I have a sneaking suspicion that the disagreements would arise in
simpler cases than in our paper. Are we disagreeing about probabilistic
approaches to grammar? Then
Bresnan, J., Cueni, A., Nikitina, T., & Baayen, R. H. (2007). Predicting the dative alternation. In G. Bouma, I. Kraemer, & J. Zwarts (Eds.), Cognitive foundations of interpretation (pp. 69-94). Amsterdam: KNAW.

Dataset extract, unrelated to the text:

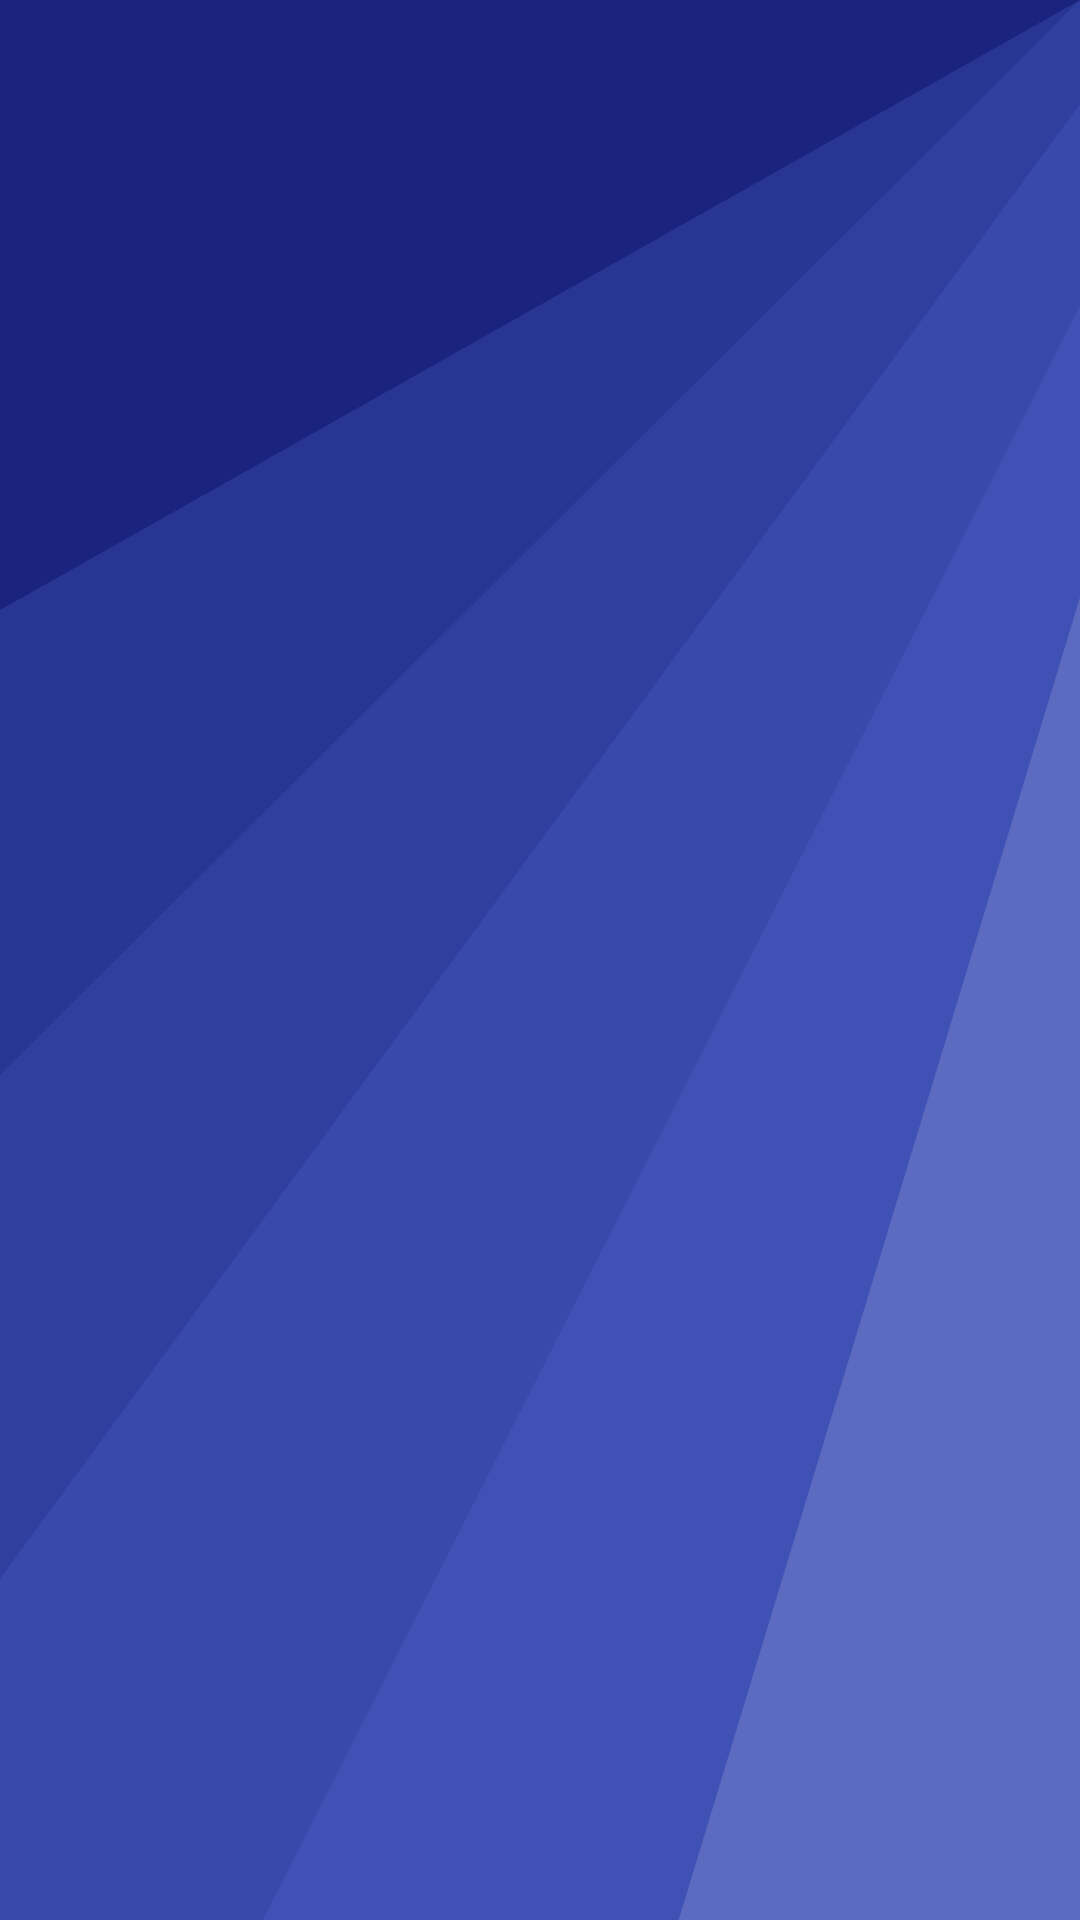 fondos fond d'écran,bleu cobalt,bleu,jour,bleu électrique,violet

would be a clearer case to discuss. Are we disagreeing about
feed-forward per se? Then Shih and Zuraw, cited by us, would be a
clearer case. Our work presupposes both earlier types of research
result and so is perhaps down the path a bit.
Regards,
Bruce
OMER, 3/5/19
No, I don't think probabilistic grammars are the content of our
disagreement, or at least not the crux of it. I am happy to assume that
the output of syntax is not a set of <PF, LF> pairings (as the
post assumes), but rather a probability distribution over said pairs
(including, perhaps, a zero probability for some), and that this
probability distribution is then convoluted with a second probability
distribution gleaned from the phonological component. This is still a
fully feed-forward system, in that nothing about the syntactic
computation needs to know anything about the phonological system in the
competence grammar. In production, it is a different story; but like we
said, in production you would also need to know what the sexual
orientation of your interlocutors is to modulate your VOT, or, in a
language like Korean, what the relative age of you and your
interlocutors are to choose the proper honorifics, etc. etc. – things
whose integration into the grammar I consider to be beyond the pale in
the first place. (Hence, in a sense, we have in these results
yet-another-reason to distinguish competence from performance.)
OMER, 3/5/19
Sorry, I was trying to add something to the reply below and instead
just sent it again :-/ What I meant to add was the following:
I can imagine the response to <content of last email> being that
convolution is commutative, and so there is no empirical content to
calling the picture I sketched "feed-forward." Let me say that even if
that's mathematically true (and it of course is), that's not an
argument in the modularity debate, for the reasons we've already
covered. Social cognition is also probabilistic, I'd assume, and so its
contributions – if they combine via convolution with the outputs of the
grammar – also commute in the same manner. The result of this line of
thinking is, then, mental globalism (or at least globalism for all
probabilistic components of the mind that connect to one another at
all). Since we have plenty of evidence from neuropathology that the
mind is modular, the argument from commutativity must be incorrect
(since it leads to a consequent that we know to be false). I therefore
assume that it is.
You could then ask what the content of the feed-forward approach is, in
view of this commutativity. My answer would be that its content lies in
the explanatory avenues it opens up, e.g. the explanation for the vast
swaths of syntax in which phonology seems to play no role whatsoever,
as well as all the evidence adduced in favor of "late insertion" within
the Distributed Morphology framework (stated somewhat more
theory-neutrally, this is evidence that the insertion context for
"morphemes" is derived syntactic structure, which implies ordering).